今回の外国人入国禁止措置では、3月27日以前に発給されたビザ及び居留許可は原則としてすべて暫定的に失効することとされています。また、日本国パスポート保有者に対して認められていたビザなし渡航についても運用が停止されています。

現時点における中国への渡航方法は、以下のビザを申請する方法のみとなっています。

◇外国人入国禁止措置にかかわらずビザ申請が認められる場合

ビザ申請が認められる入国目的備考
Ⅰ)必要な経済貿易、科学技術等の活動に従事する目的 (M) (Z)・中国の政府機関が発行する招聘状 ・Zビザの場合には、工作許可証のコピー及びQRコードから読み込める情報 ・その他資料については事前の確認が必要
Ⅱ)緊急の人道主義の必要に基づく目的 (F)必要資料については事前の確認が必要

このうち、Ⅰ)については、中国の政府機関が発行する招聘状(邀请函)が必要となります。招聘状は、中国国内の法人等が主体となって政府機関に発行を申請することになりますが、地域によって申請方法が異なるため、詳細については事前に法人等が所在する地域の外事弁公室に確認が必要になります。なお、現時点では、政府機関に対して招聘状を申請したとしても、実際に招聘状が取得できるケースは限定的となっているようです。申請にあたっては、「必要な経済貿易、科学技術等の活動に従事する目的」であることが明確になるような状況の証明が必要になるものと考えられます。

2.中国赴任者の中国への渡航にあたっての注意点

中国赴任者(外国人を前提とします。)は、中国で工作許可(在留資格)及び居留許可(在留許可)を取得していますが、外国人入国禁止措置により、3月27日現在中国に入国していない中国赴任者の居留許可は暫定的に失効するため、3月27日以前に取得した居留許可で中国に入国することができません。そのため、現状では、中国赴任者であっても、上記で指摘したⅠ)のビザを取得したうえで中国に渡航する必要があります。また、中国赴任者の中国への入国は、形式的には就業(工作)目的の入国となるためZビザの申請が必要となるものと考えられます。なお、Zビザの申請にあたっては、中国の政府機関が発行する招聘状のほかに、有効期限まで十分な期間のある工作許可証のコピー及びQRコードから読み込める登録情報が必要となります。

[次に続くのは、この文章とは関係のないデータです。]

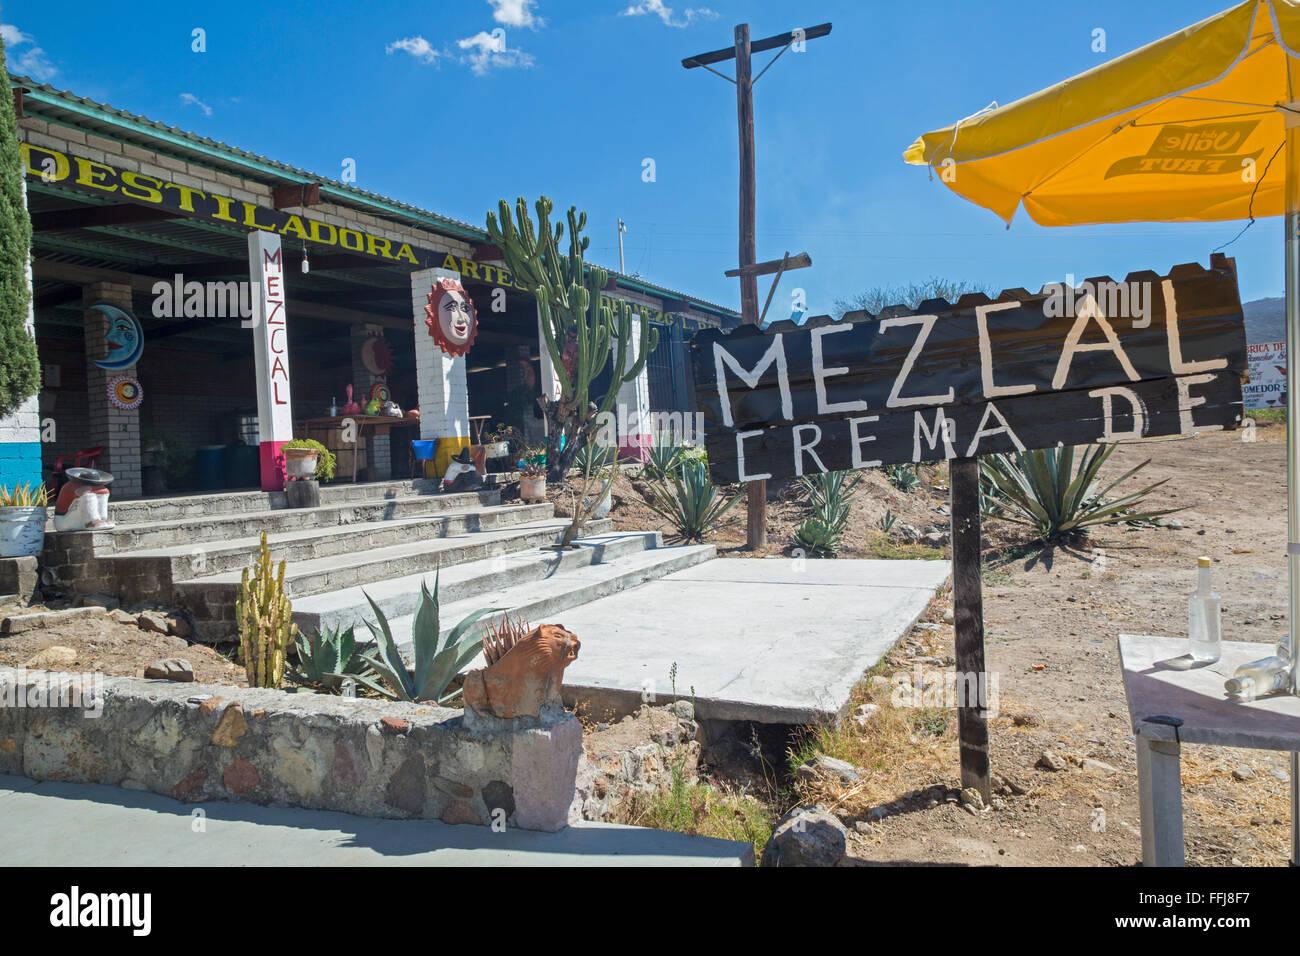 Santiago Matatlán, Oaxaca, México - una destilería de Mezcal. Foto de stock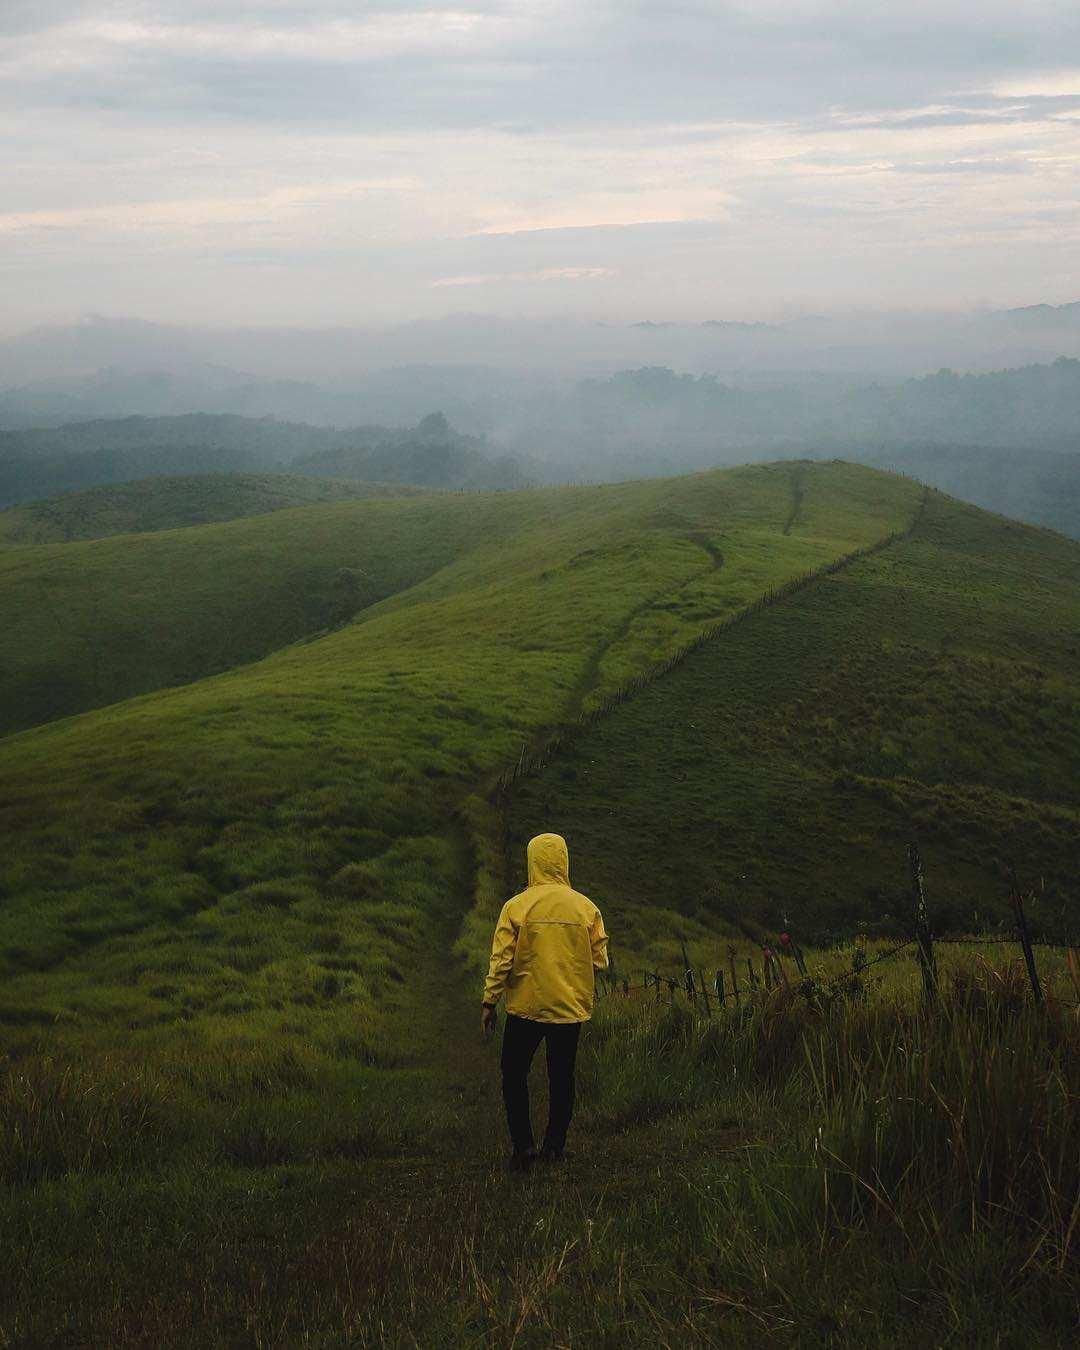 Bukit Rimpi Image From @baratdaya

中国赴任者が上記で指摘したⅠ)のビザを取得して中国に入国すると、現地法人もしくは駐在員事務所での業務のために長期滞在(在留)が必要となりますが、当然ビザには停留日数の制限が付されている(通常90日、もしくは180日)ため、渡航後、この日数を超えた長期滞在が認められるか否か、という点については、特に以下の点に十分注意して確実な手続きを行う必要があります。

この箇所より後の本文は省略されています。